● Dataset extract:

|---|

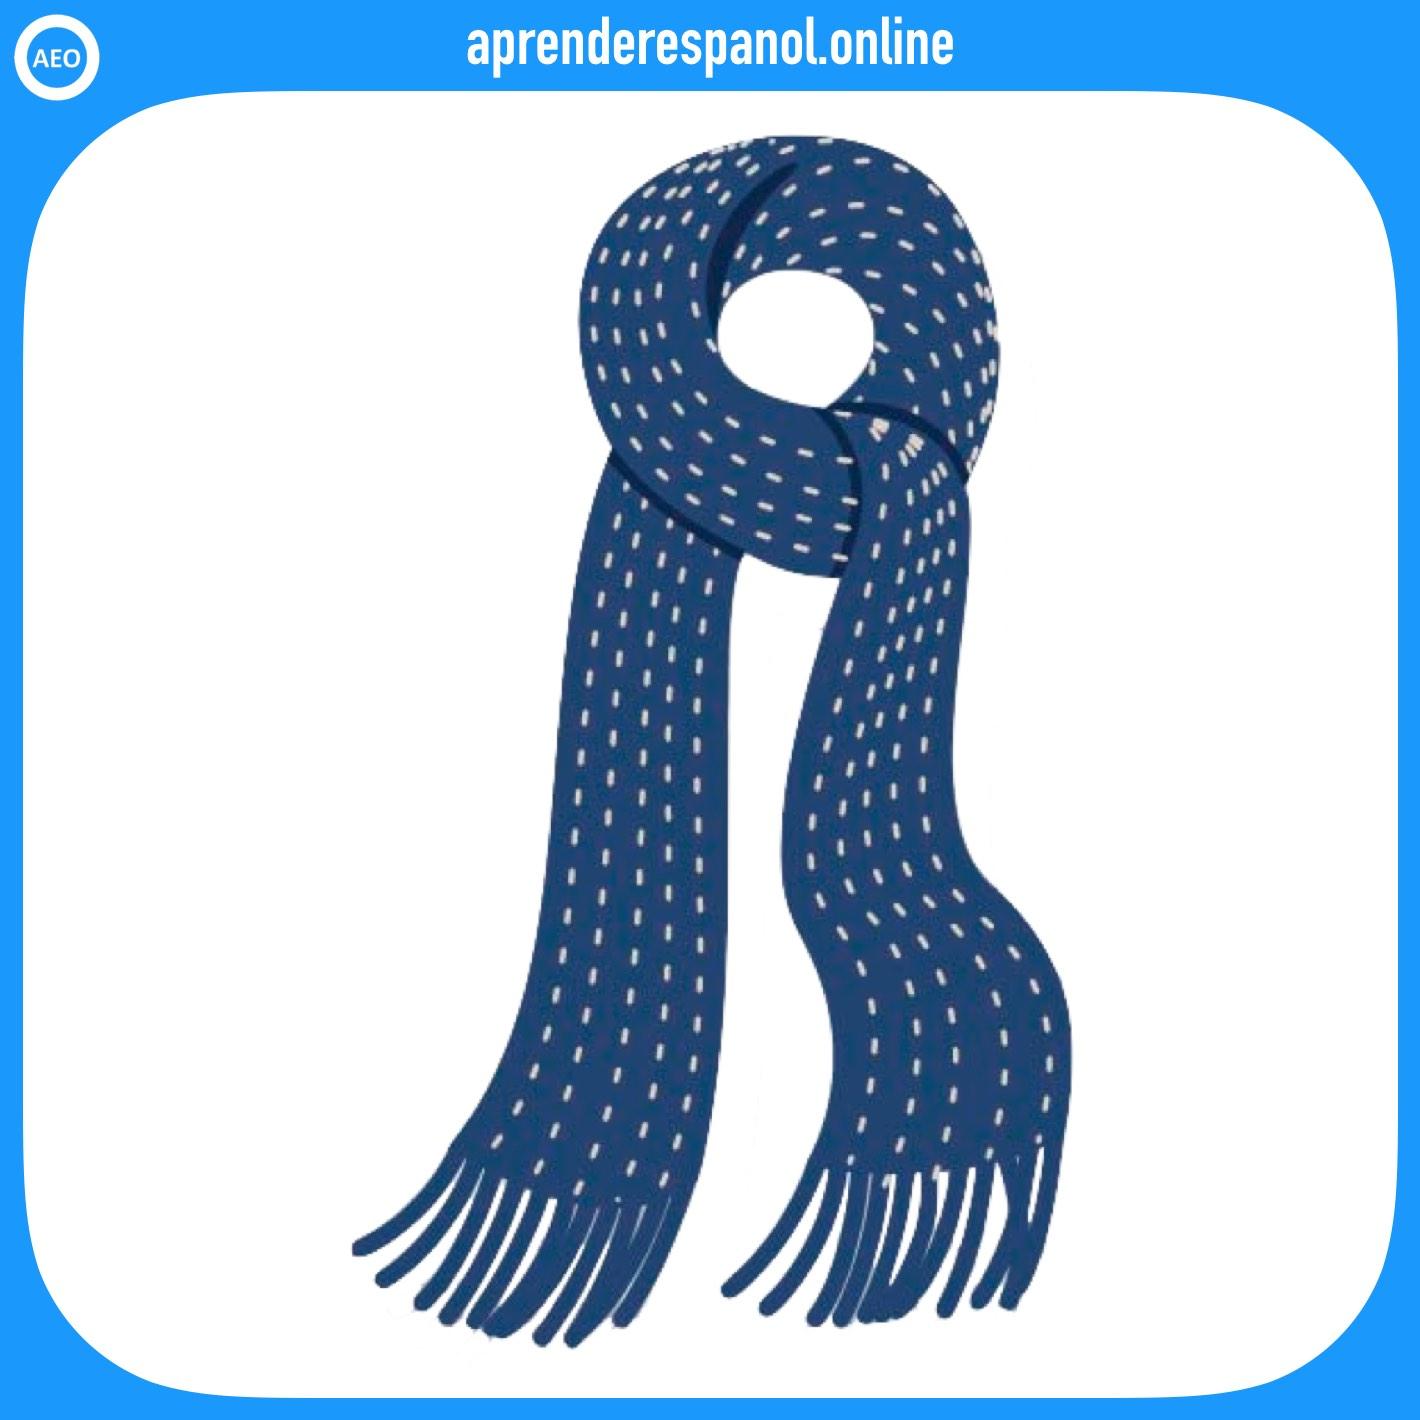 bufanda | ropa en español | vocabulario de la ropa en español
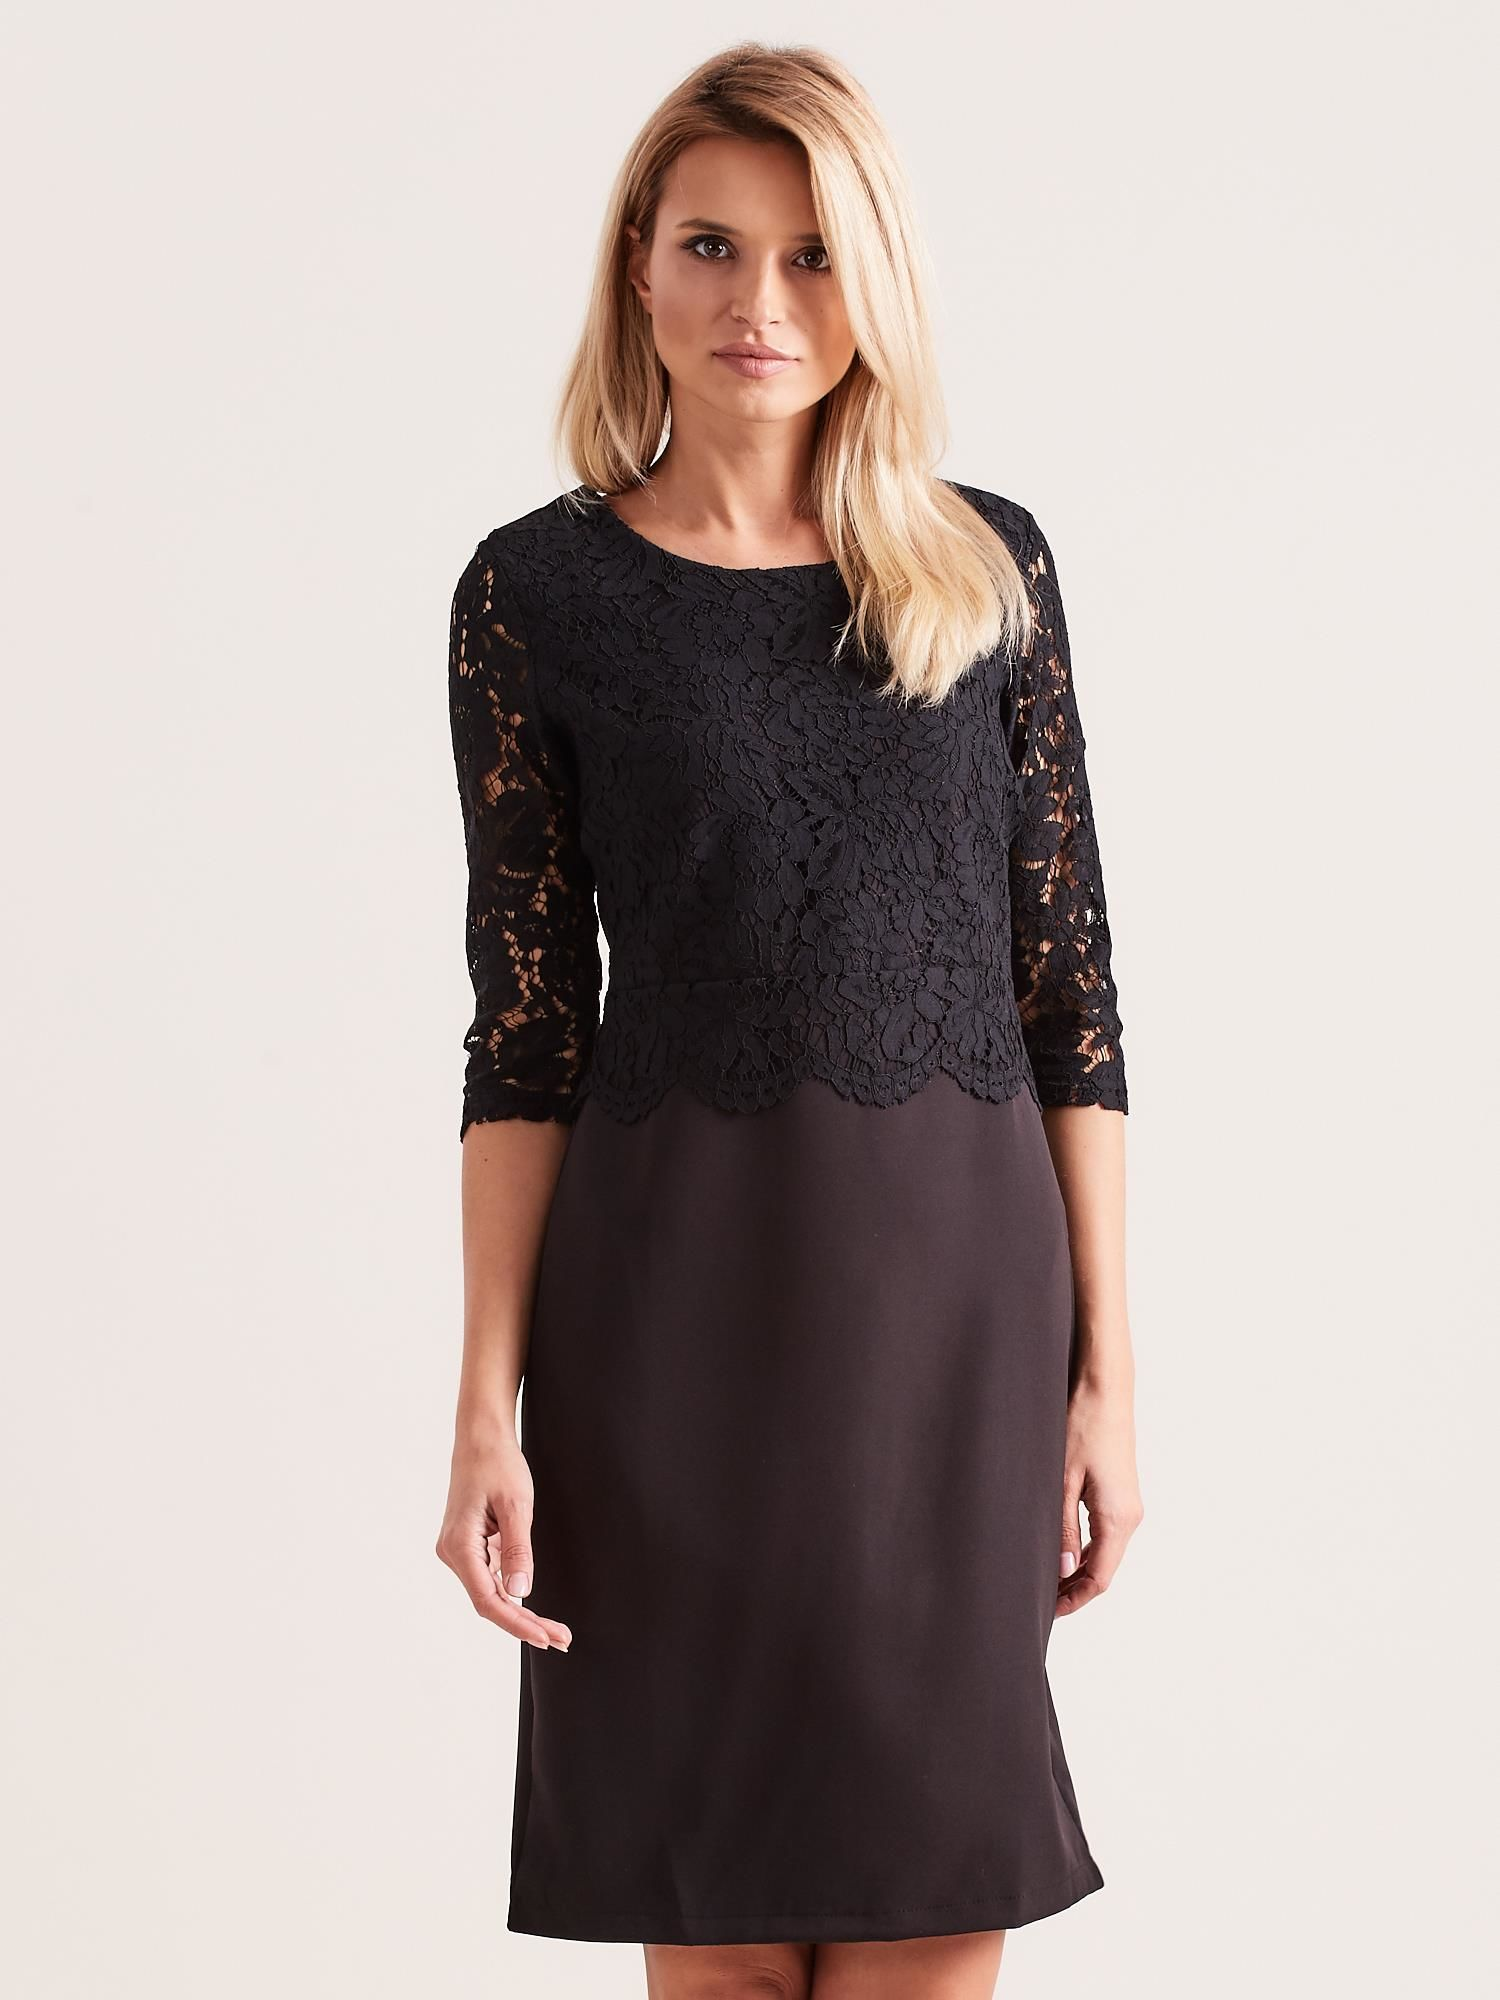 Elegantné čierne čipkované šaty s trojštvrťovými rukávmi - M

|---|

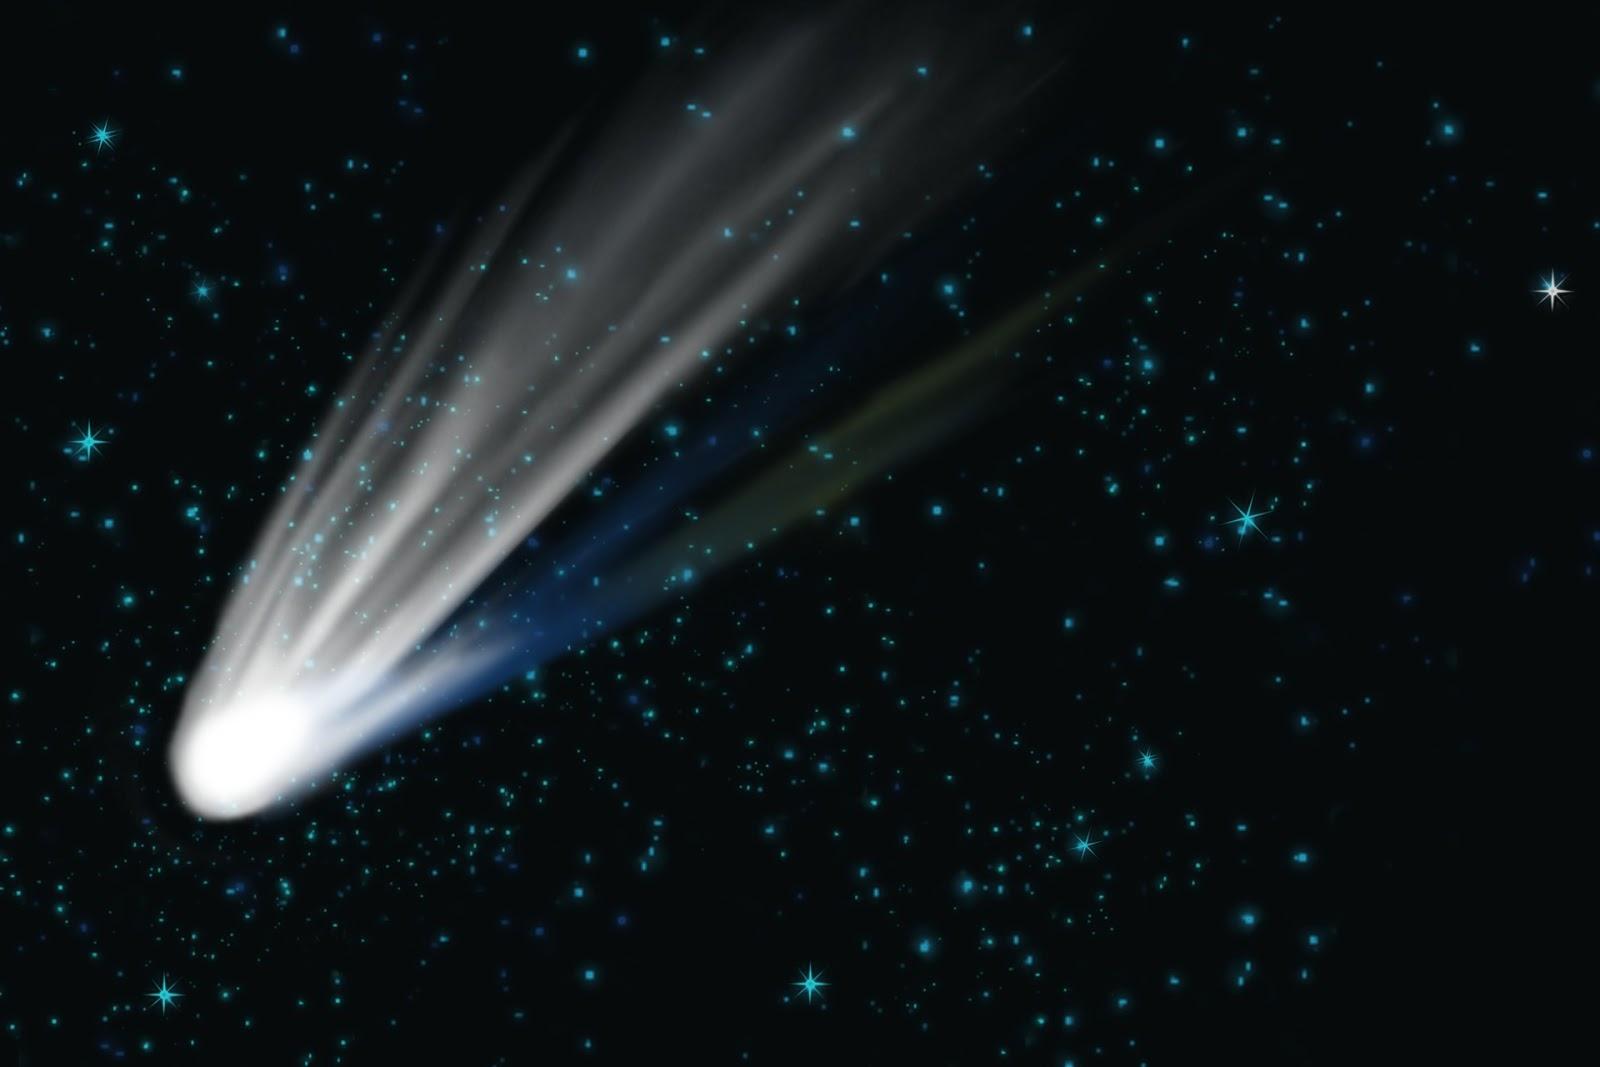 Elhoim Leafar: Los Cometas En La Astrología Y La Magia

|---|

● Exercise brief: In the records above, everything from the line with "bufanda | ropa" down to the line with "Elegantné čierne čipkované" must be duplicated exactly, both lines kept. Leave no pictures in.

● Solved exercise:
 bufanda | ropa en español | vocabulario de la ropa en español
 Elegantné čierne čipkované šaty s trojštvrťovými rukávmi - M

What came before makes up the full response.